> **Material provided**:
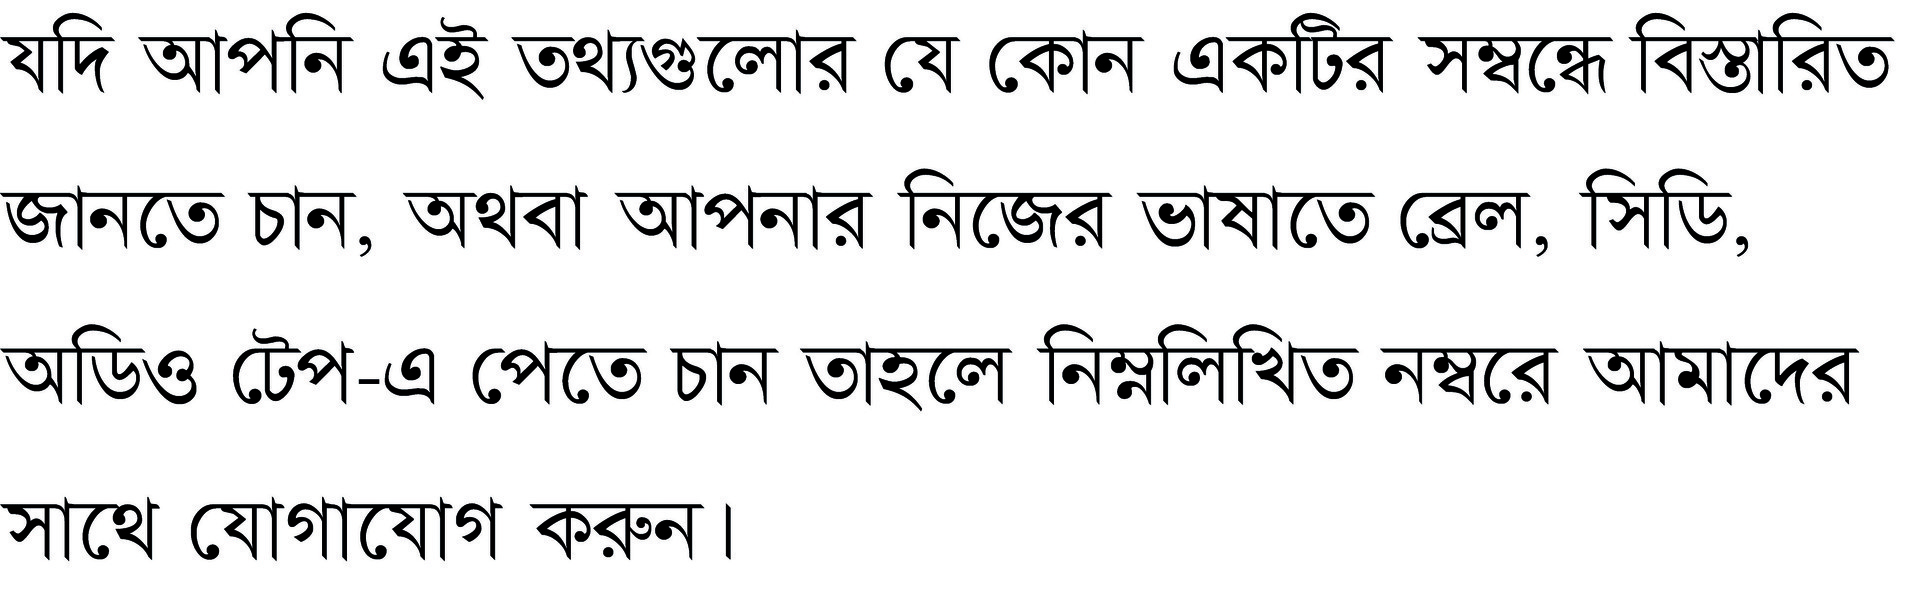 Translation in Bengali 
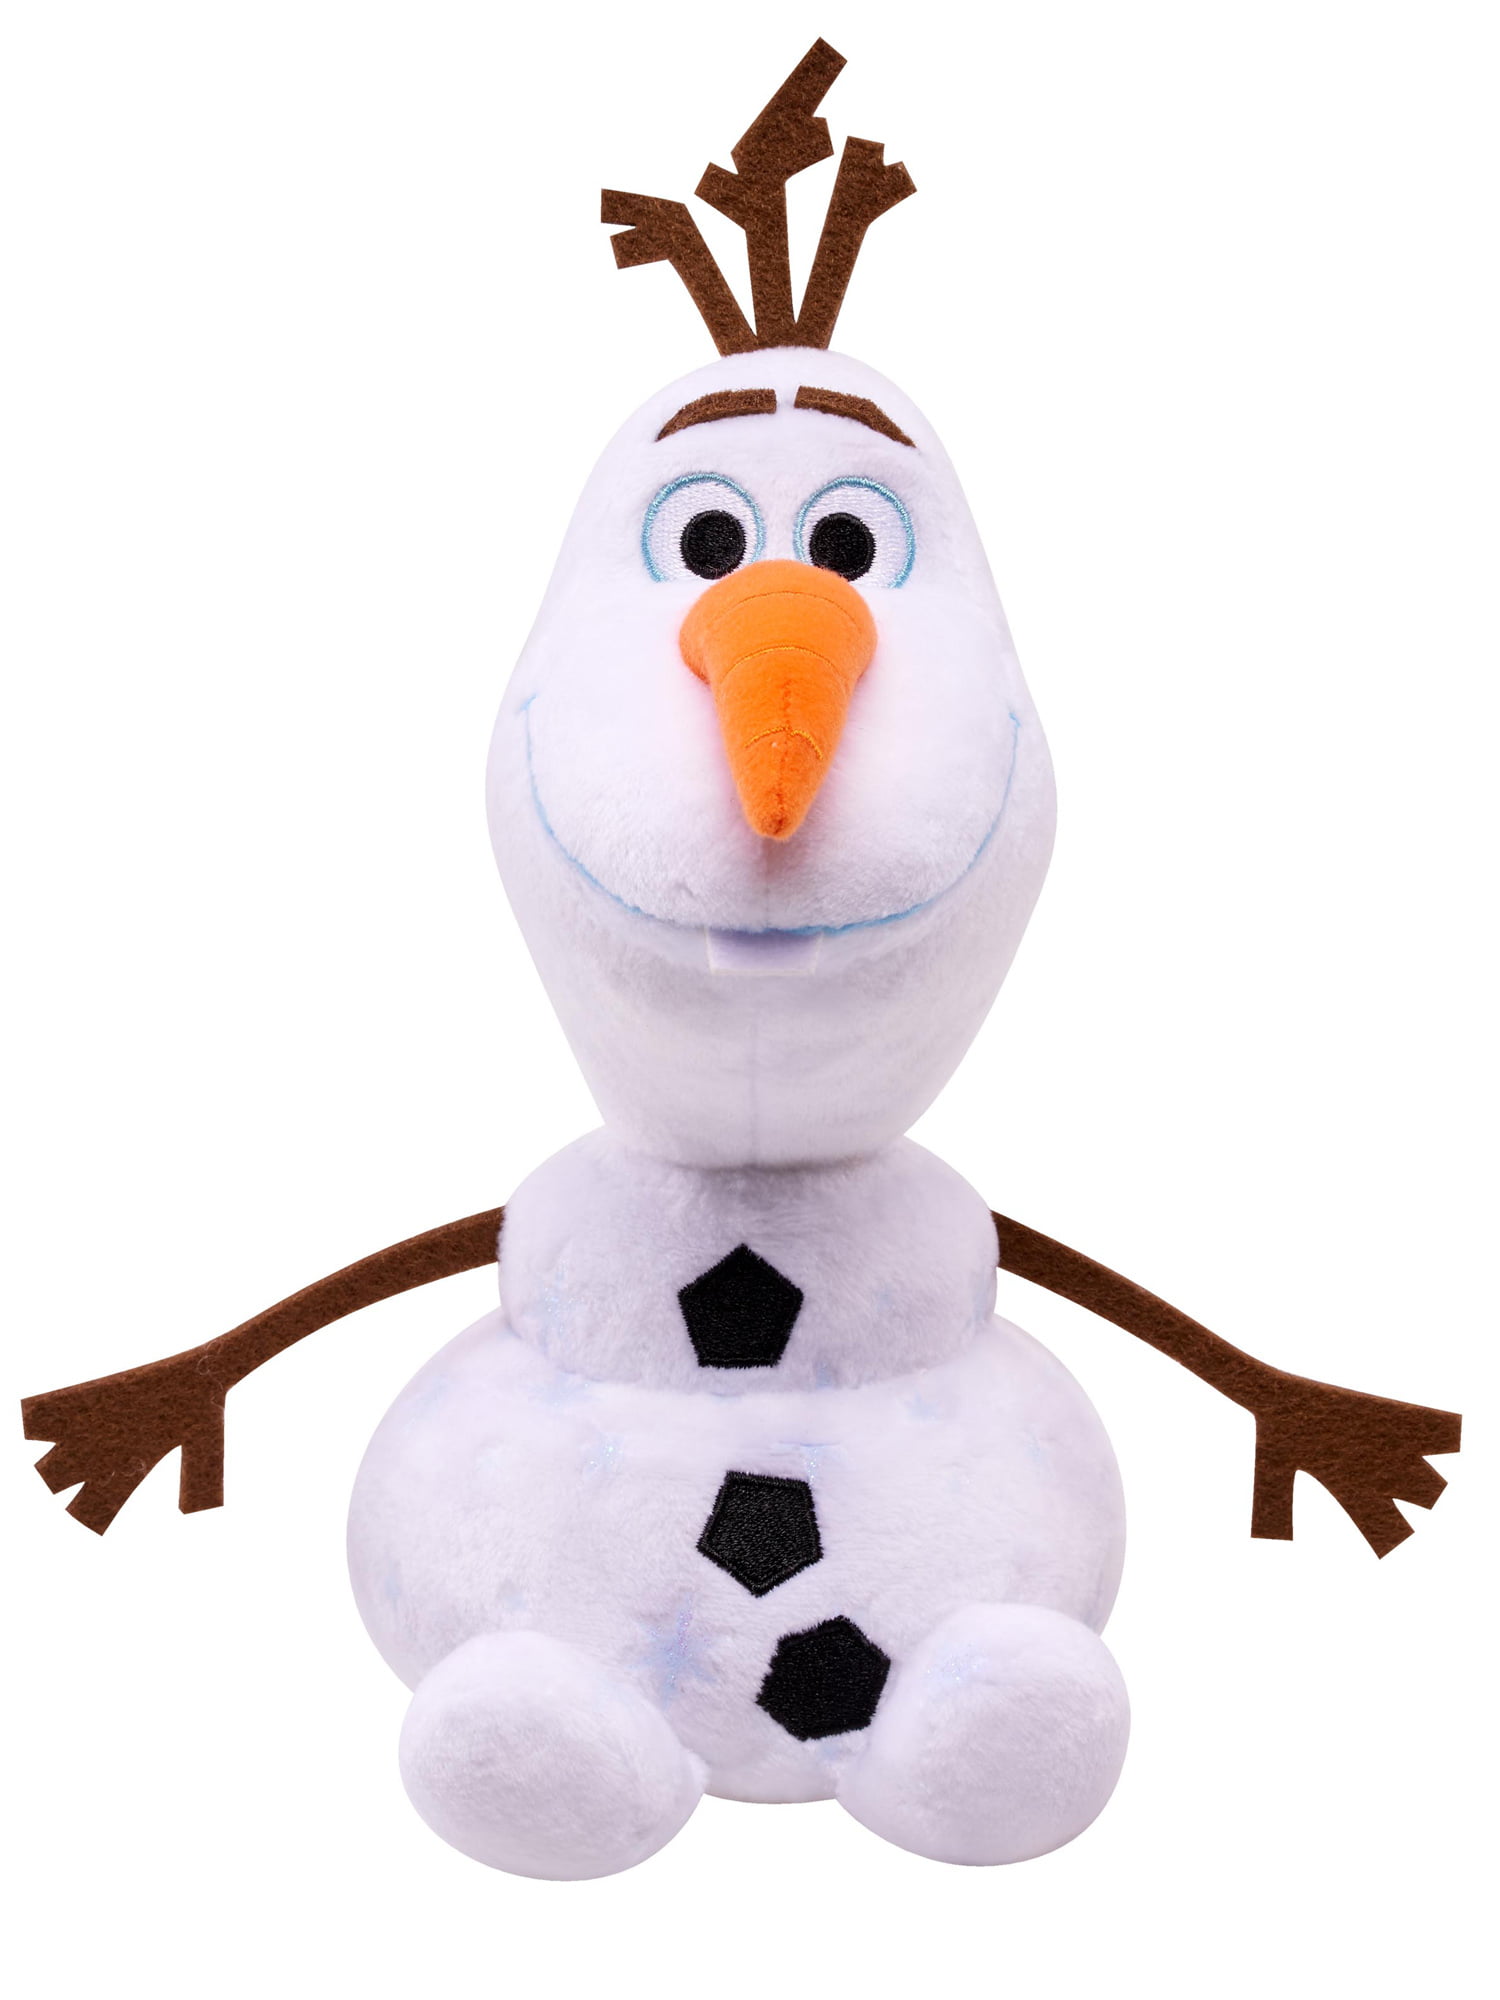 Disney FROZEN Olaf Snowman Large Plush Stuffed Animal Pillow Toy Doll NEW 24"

--

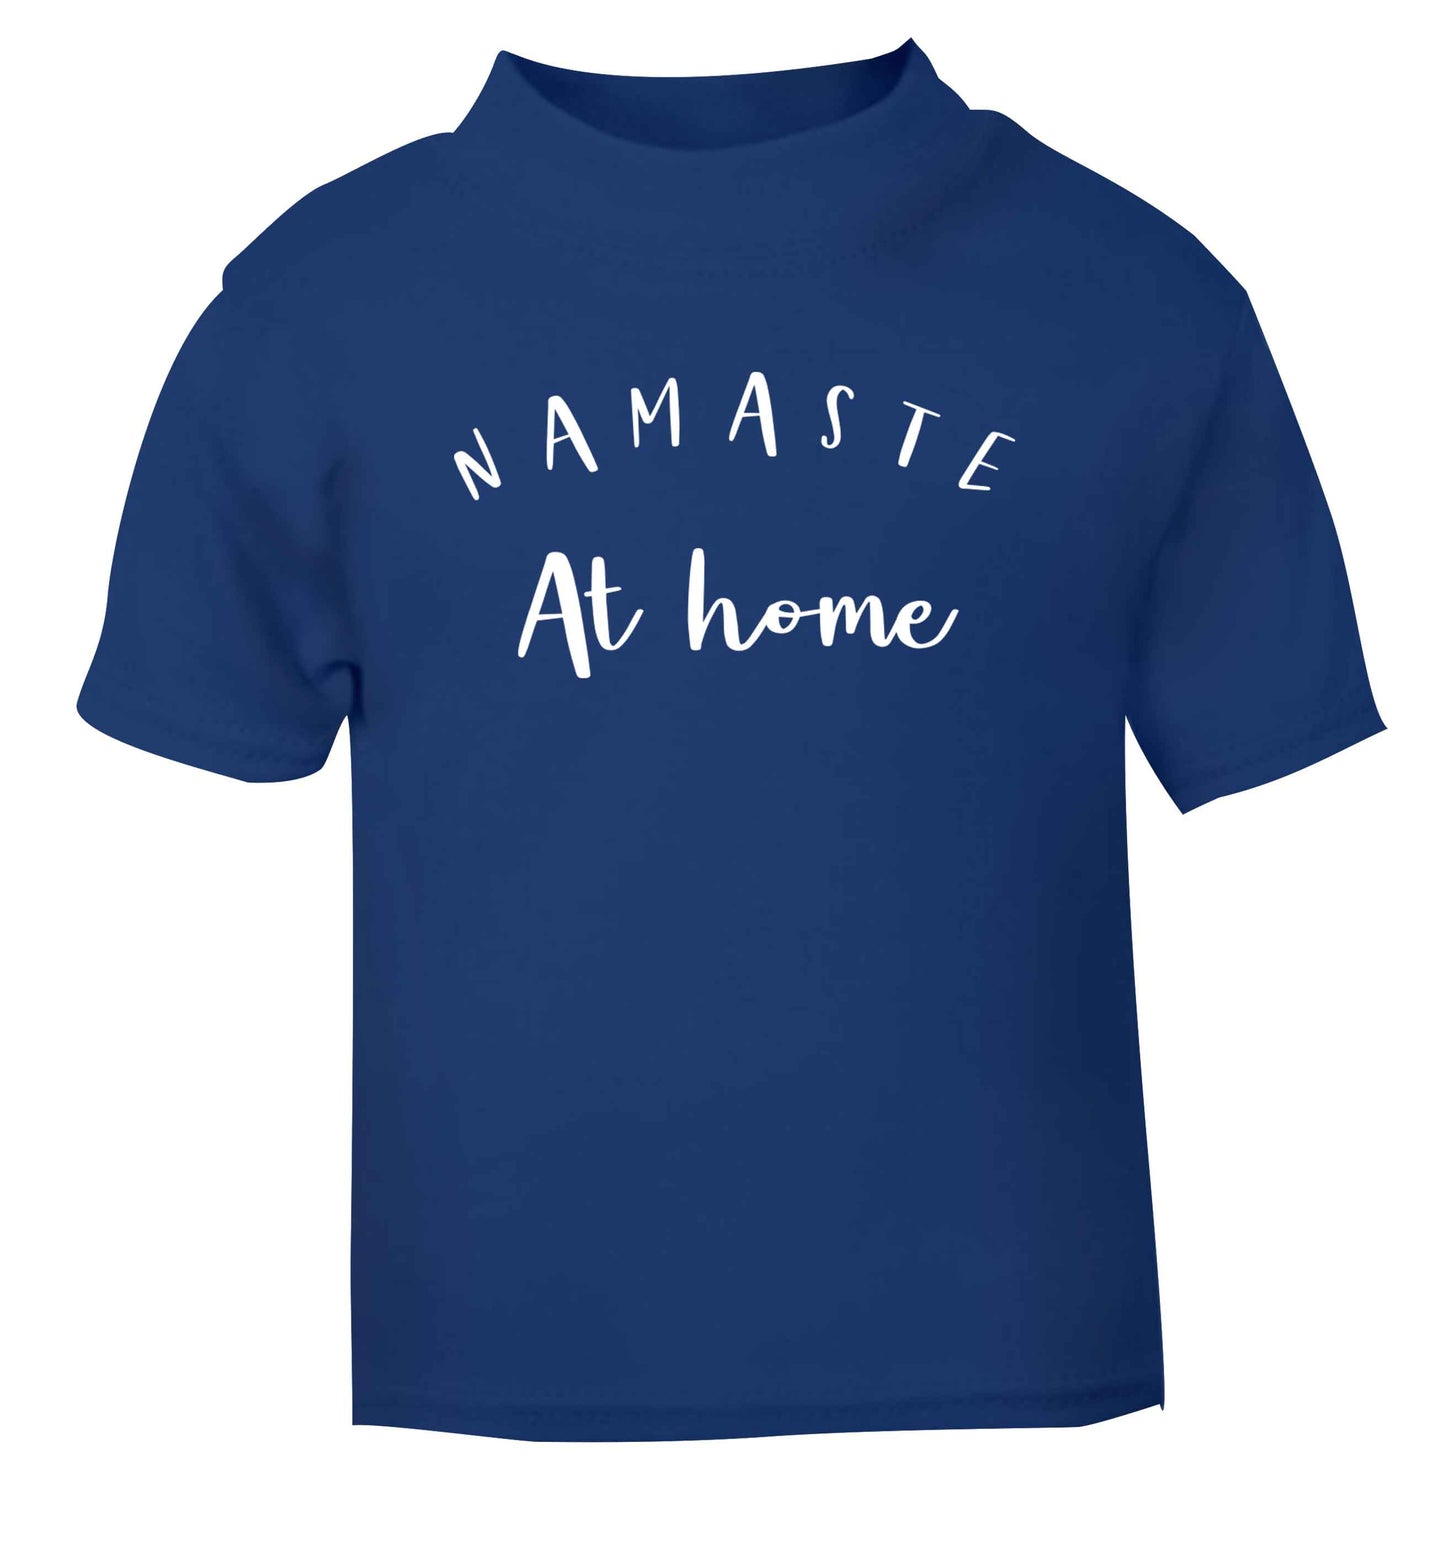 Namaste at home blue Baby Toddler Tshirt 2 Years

> **Directions**: From the records above, copy only the lines running from the line containing "Translation in Bengali" to the line containing "Disney FROZEN Olaf", both ends included. Leave the pictures out.

> **Worked solution**:
 Translation in Bengali 
 Disney FROZEN Olaf Snowman Large Plush Stuffed Animal Pillow Toy Doll NEW 24"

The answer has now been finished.